Key Points
In Follicular lymphoma patients, both ctDNA and PET positivity after induction response are associated with shorter PFS.
Only combined ctDNA and PET identify patients at high risk of early relapse (POD24), linked to poor survival
Patients with follicular lymphoma (FL) who experience disease progression within 24 months of diagnosis (POD24) have a lower survival. Positron emission tomography (PET) response and circulating tumor DNA (ctDNA) residual disease (MRD) assessment at end of induction therapy (EOI) may allow their early identification. A representative cohort of 141 patients from the RELEVANCE phase III trial with both available serum samples for ctDNA testing and PET images at randomization and at EOI (week 24) was investigated. Twelve percent were POD24. CtDNA was analyzed using a customized 130-kilobase capture panel, with Phased Variant (PV) enriched regions representing 39% of the panel. CtDNA was detected in 140 patients (99.3%) at baseline. To optimize specificity, only PVs, found in 124 patients (88%), were considered for ctDNA MRD assessment at EOI. Median PFS from EOI was not reached (NR) for the 112 patients with undetected ctDNA at EOI versus 17.7 months (95%CI : 1.4-NA) for patients ctDNA MRD (+) (p=0.0038).
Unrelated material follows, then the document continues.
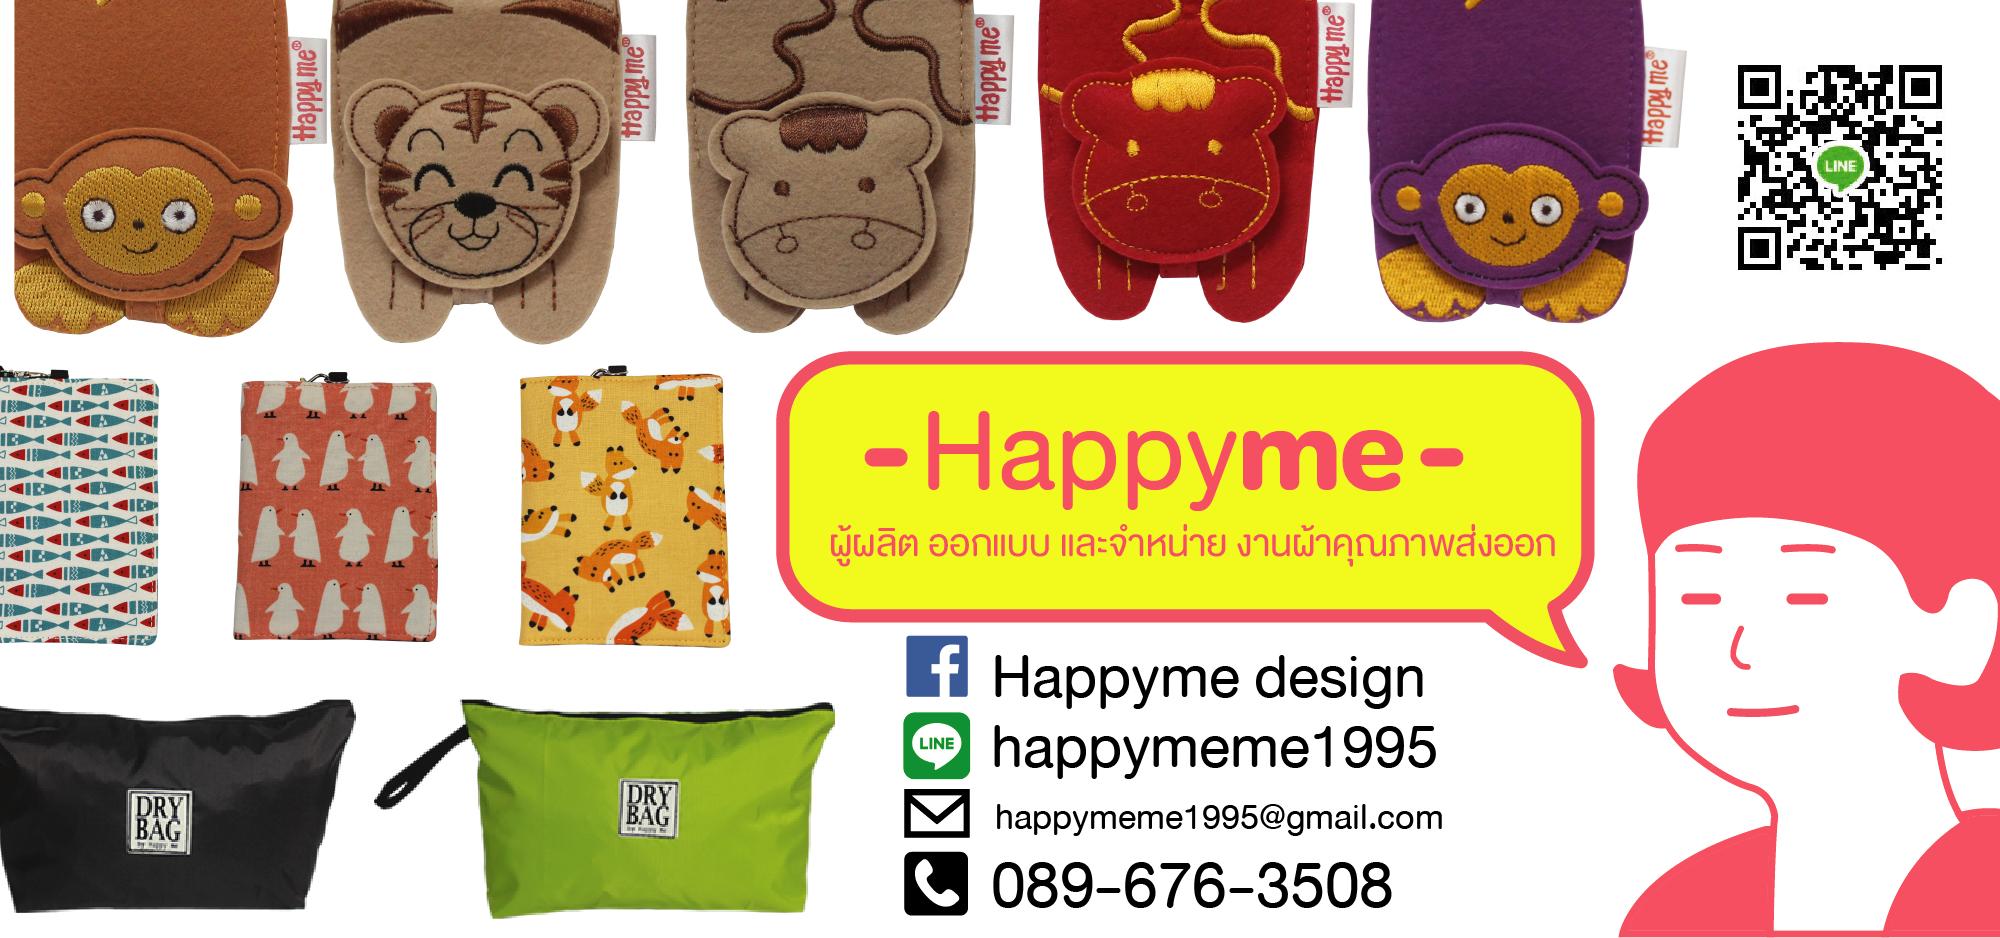 รับผลิตและจำหน่ายงานแฮนด์เมดผ้า น่ารักไม่เหมือนใคร Happyme.Design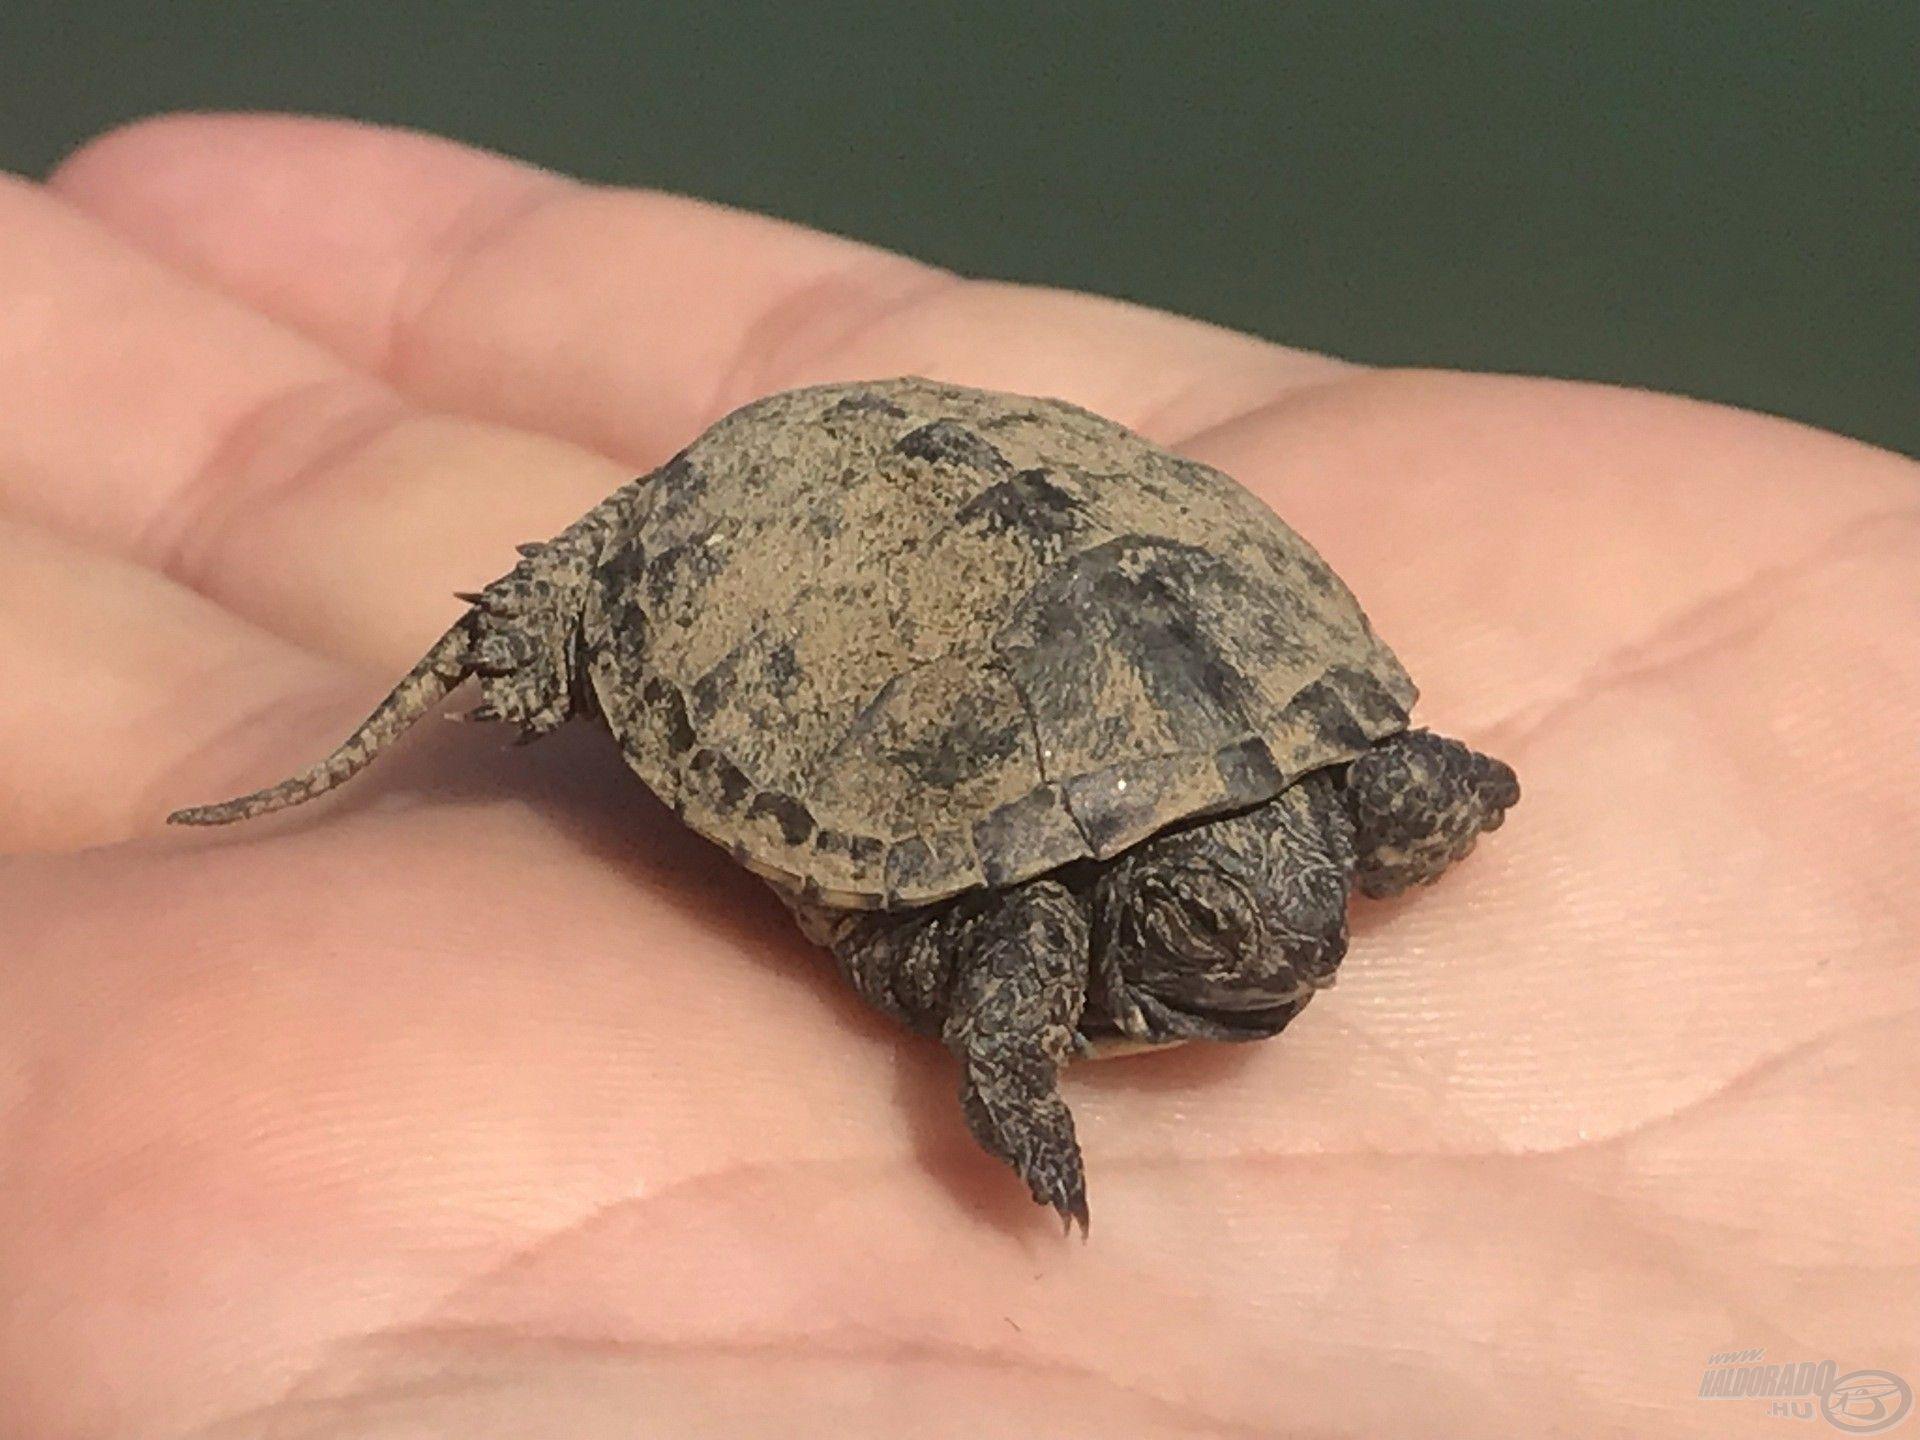 Egy aranyos kis teknőc is meglátogatott – reméljük, jó kabalánk lesz és szerencsét hoz!

Similarly, median PFS was NR for the 104 patients with undetected disease on PET at EOI versus 28.3 months (95%CI : 2.9-NR, p=0.0002) for patients with PET(+). Both tests had a negative predictive value (NPV) above 90% for POD24. The positive predictive value was 58.3% for ctDNA MRD and 45% for PET but increased to 85.7% when both parameters were combined, without alteration of NPV. These data show that the combination of PET response and ctDNA MRD at EOI allows for an early prediction of POD24 which may lead to a preemptive treatment decision.